Make sure your positive feedback actually incentivizes positive action

Everyone wants to be seen and appreciated for their contributions at work.

Sometimes they toil for hours on end to produce something of value or help the people around them. Or maybe they brought up an idea that led to a larger, successful project that took on a life of its own. Or maybe they brought in bagels for the office!

Whatever it is, it’s crucial that leaders call out the positive behaviors productively by pinpointing the benefits and tying these behaviors to larger trends.

1. Be specific

But the flip side of that is a less obvious, but equally impotent generic optimism. I’ve spoken with dozens of friends and colleagues that often have warm feelings towards their managers, but are still unhappy. They rarely receive critical feedback. More importantly, the positive feedback they get never calls out the specific actions or accomplishments.

They are told over and over again that they’re “doing a great job!” or that they’re “keep killing it!” — but they never seem to learn what’s actually working.
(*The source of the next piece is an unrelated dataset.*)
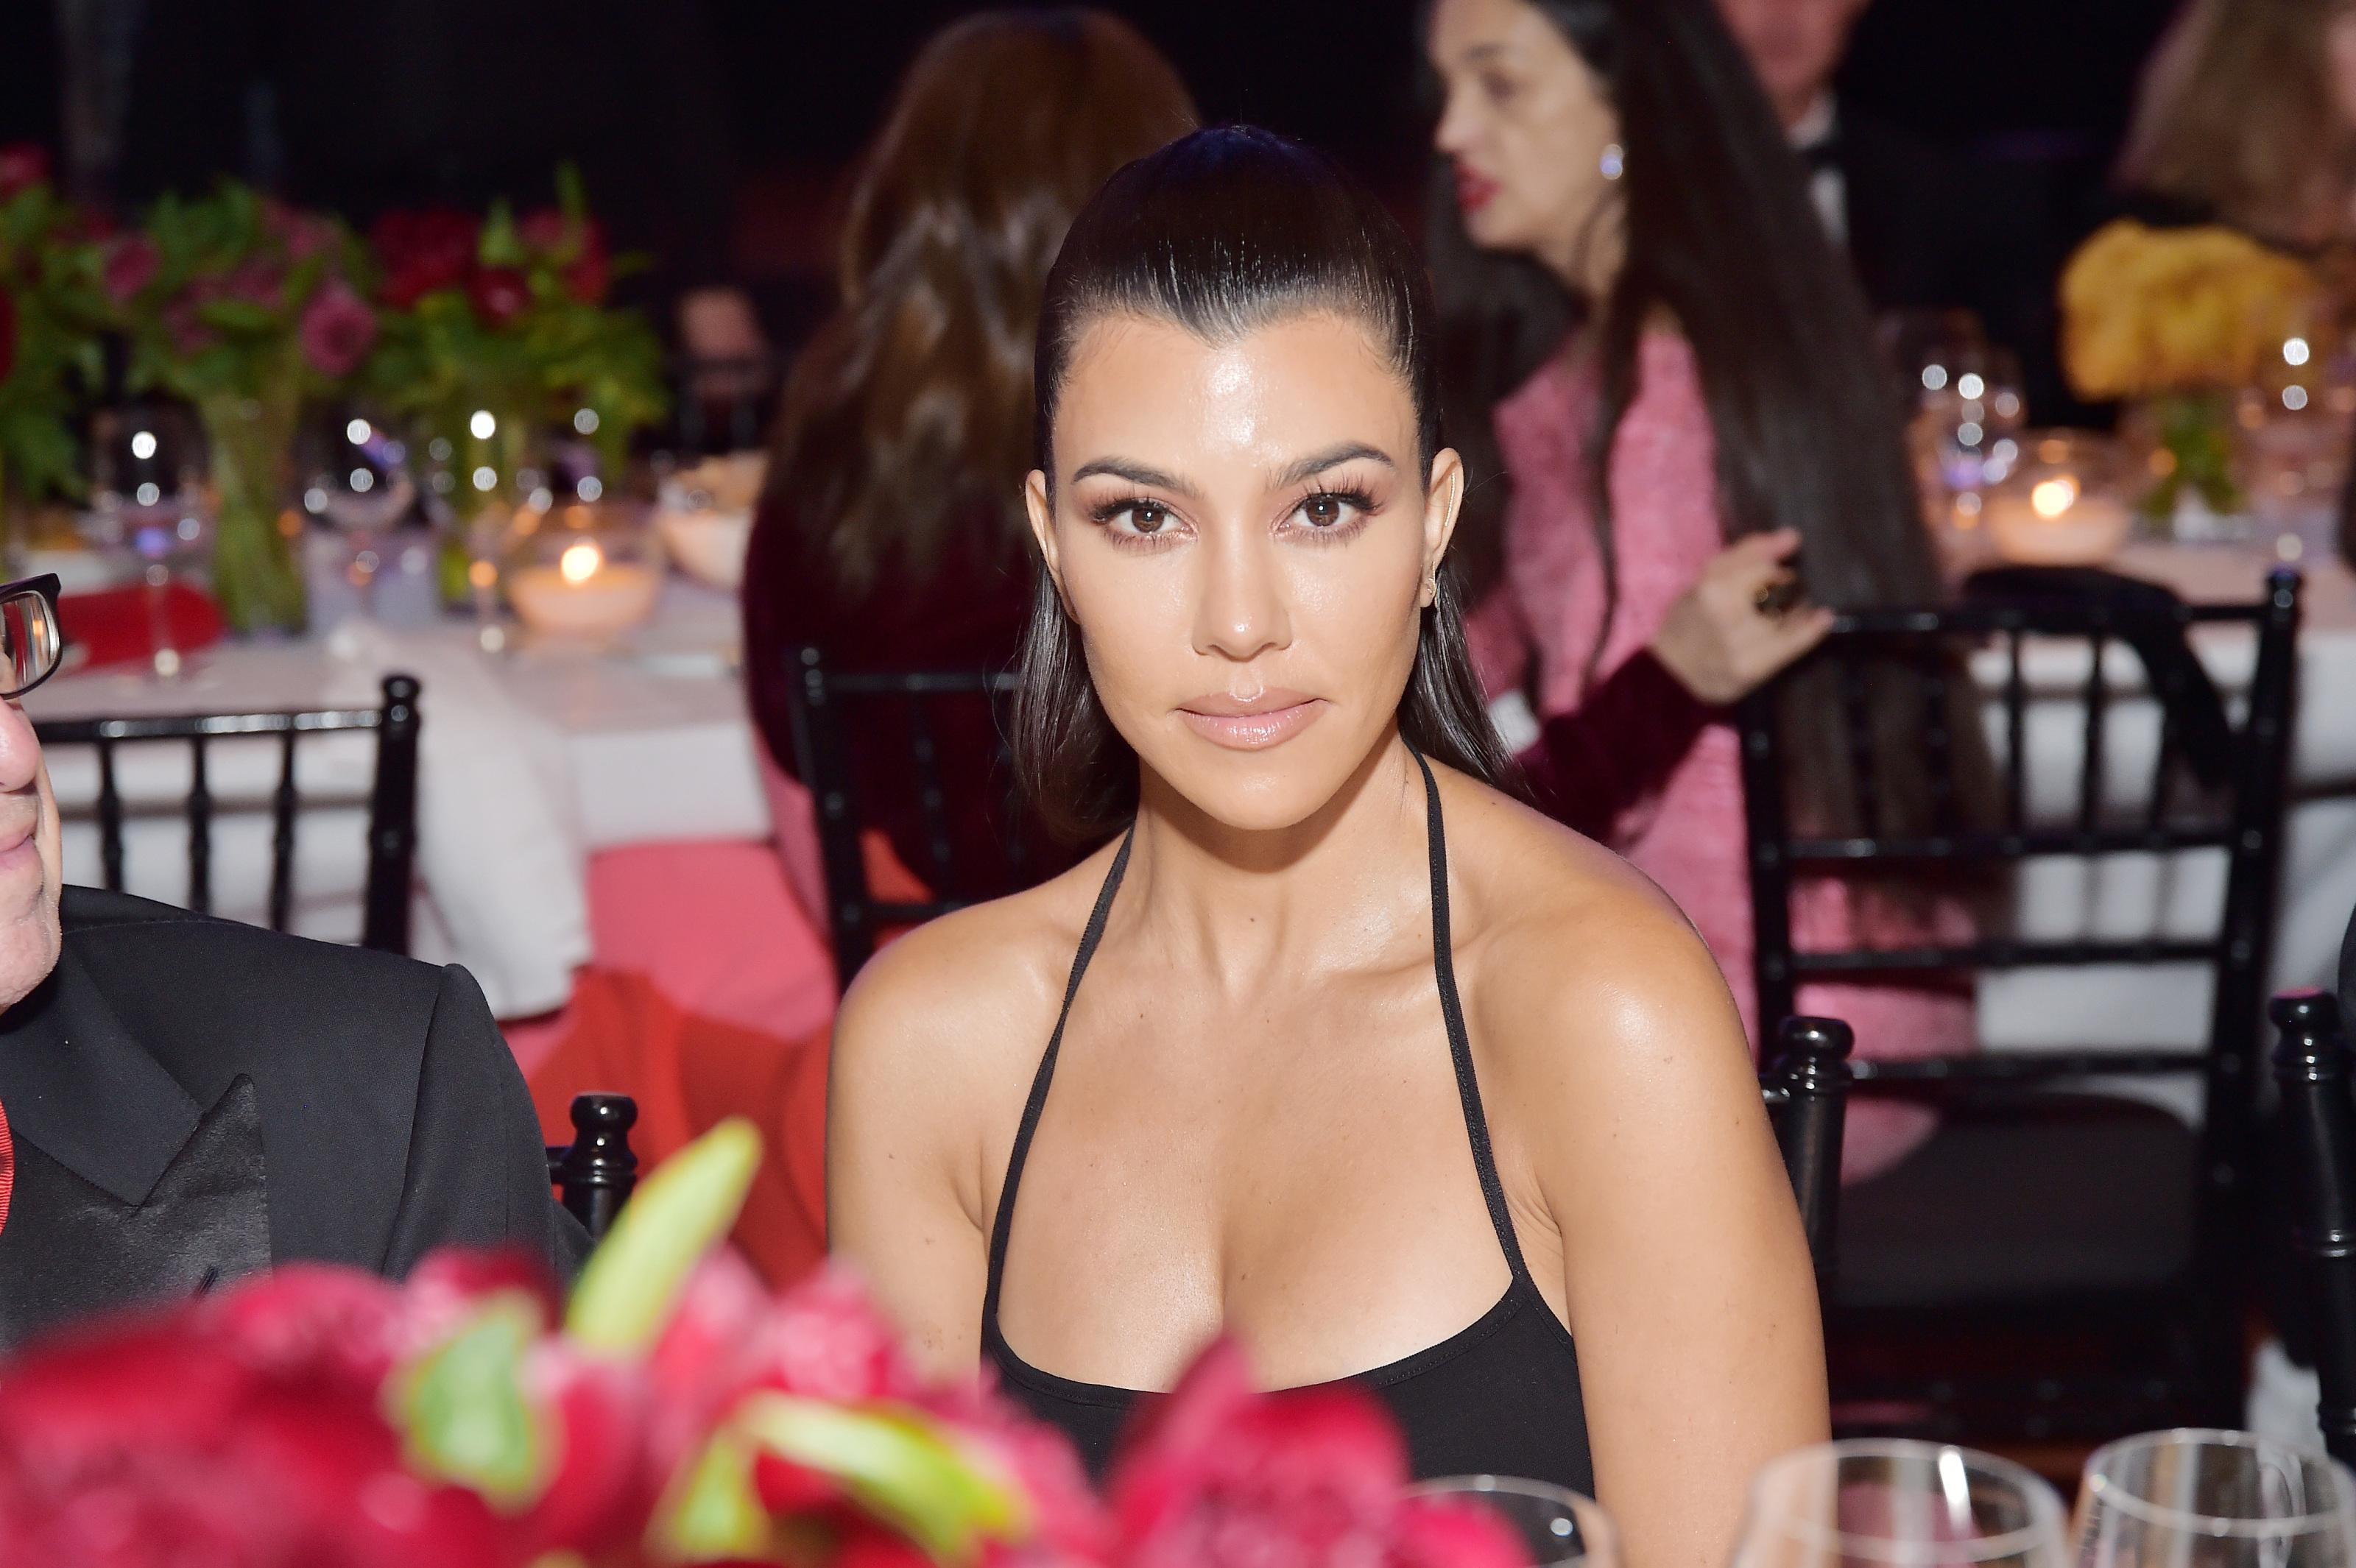 Marvelous Kourtney Kardashian Celebrates Birthday With Rainbow Explosion Funny Birthday Cards Online Fluifree Goldxyz

Instead of: “Great job on that report!”

Try: “Really appreciate your data-driven approach to the analysis in your report.”

2. Abstract what behaviors matter

Is this person doing something that will help the business if those behaviors are repeated? Are they exhibiting a trait that you wish others would emulate? Try encouraging what you see by tying it to a longer-term vision.

Instead of: “Love that your reports are so data-driven!”

Try: “Your data-driven approach embodies the direction we’re trying to go in our analysis. You’ve set a great example and direction for the team.”

This encourages behaviors not only by calling out what you liked, but by highlighting the opportunity for the individual, others, and the organization if that person kept killing it in that specific way.